We aim to develop a time-lapse, imaging, pharmacodynamic assay for measuring LRRK2 cellular function in dopaminergic (DA) neurons derived from human induced pluripotent stem cells (iPSCs) from Parkinson’s patients with LRRK2 mutations. Studies have shown that mutations in the LRRK2 gene play an important role in the regulation of neurite growth and integrity in DA neurons. We will characterize the dynamics of neurite growth, connectivity and degeneration to establish dynamic cellular phenotypes specific to LRRK2 function.
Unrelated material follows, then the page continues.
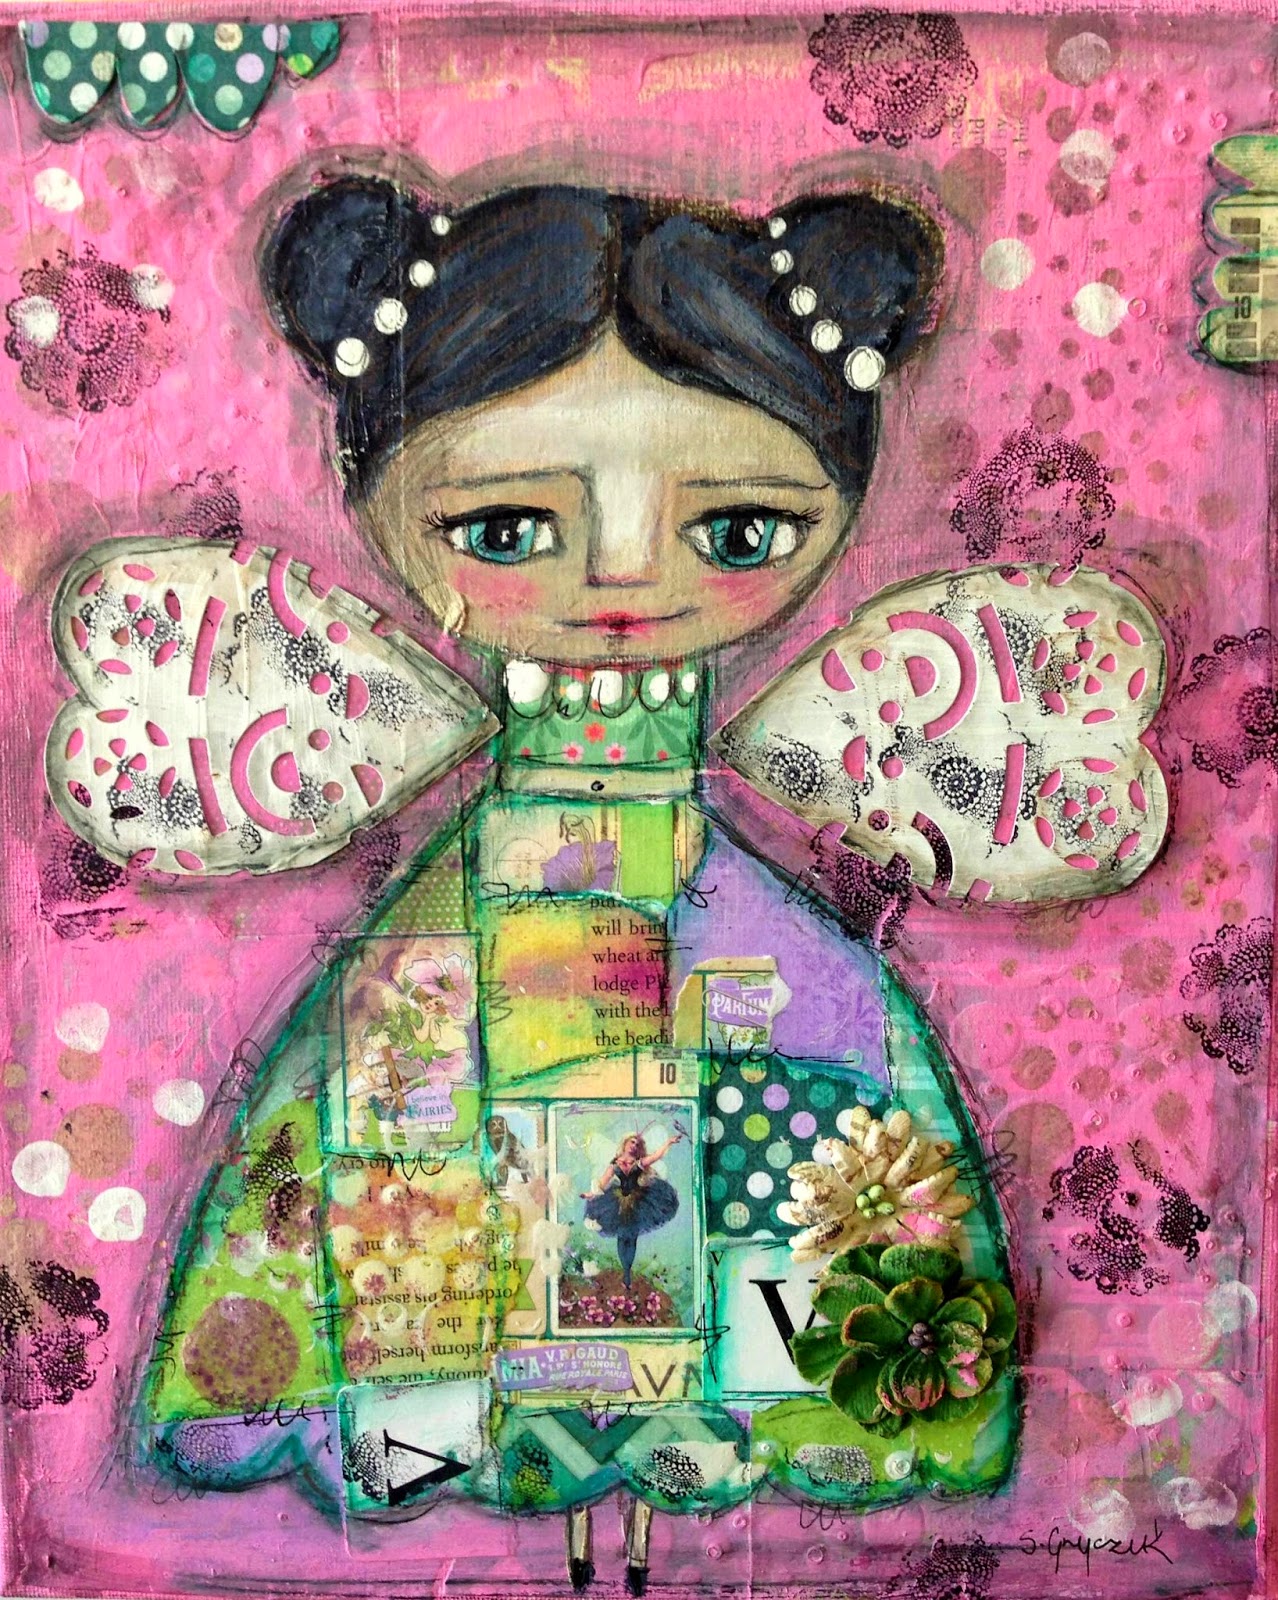 Cardz 'n' Scrapz: 'You are my fairy'- mixed media canvas by Sylwia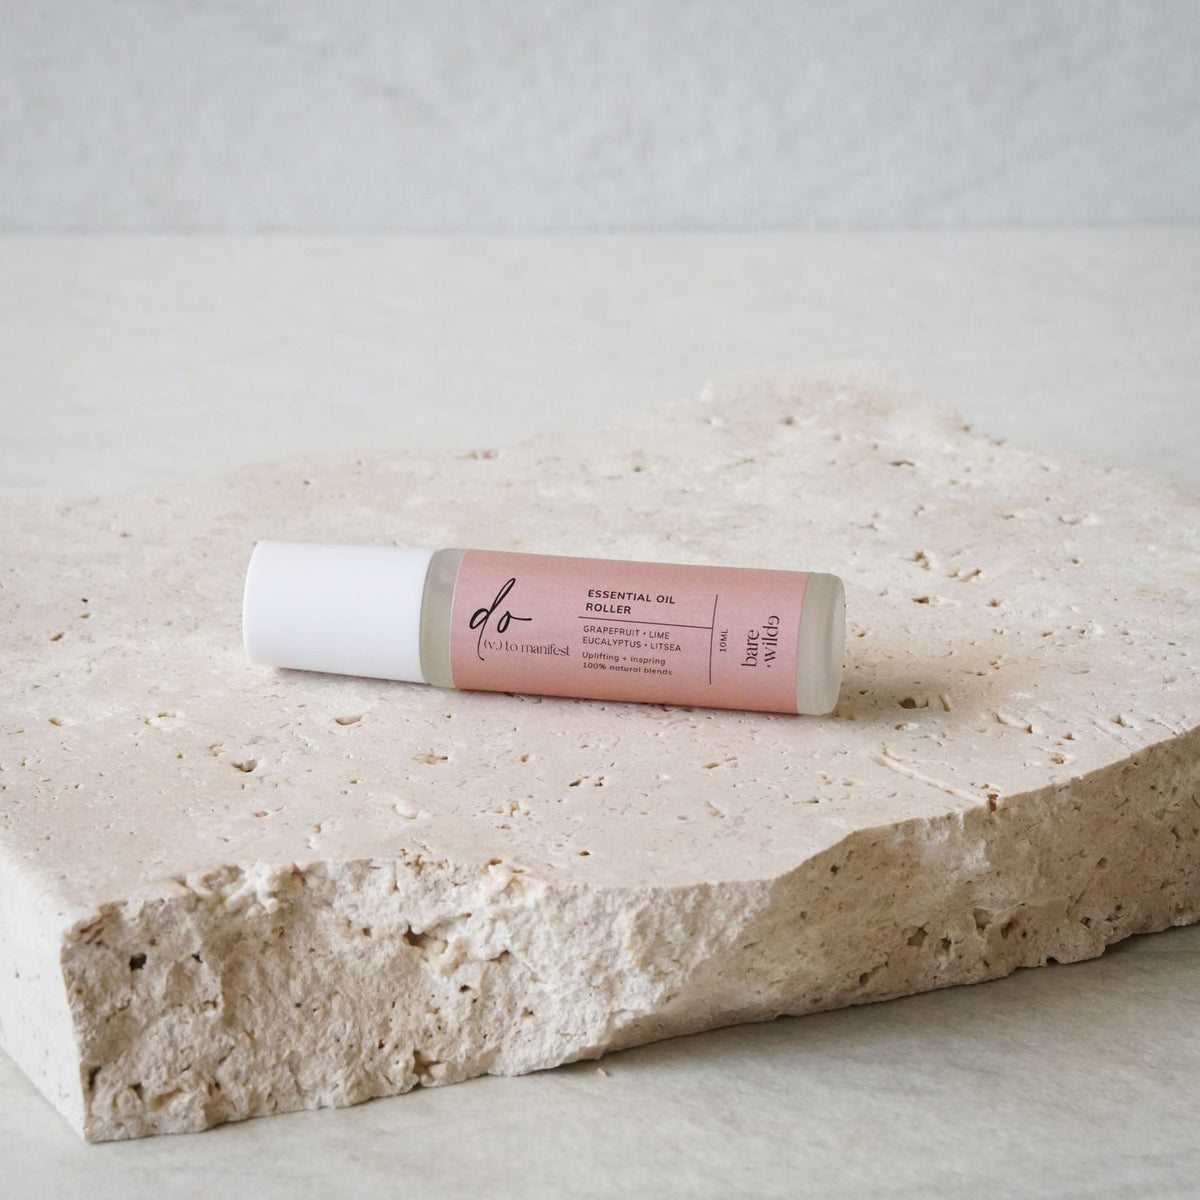 uplifting natural oil roller made with grapefruit, lime, eucalyptus and litsea essential oils

Our experiment consists of high-throughput, time-lapse microscopy imaging of LRRK2 iPSC-derived DA neurons. We will use computer vision software to measure neuronal health and dynamics and machine learning algorithms to establish dynamic cellular phenotypes specific to LRRK2 function.
Relevance to Diagnosis/Treatment of Parkinson’s Disease:
Our assay will be useful for characterizing the effect of LRRK2 inhibitors and other small molecules on neuron function in vitro, and will be made commercially available. This tool could speed development of therapies that could limit or reverse neurodegeneration in Parkinson’s disease.
Through the use of automated, large-scale microscopy-based examination, we expect to uncover cellular phenotypes specific to LRRK2 function based on neuronal dynamics such as neurite outgrowth and connectivity.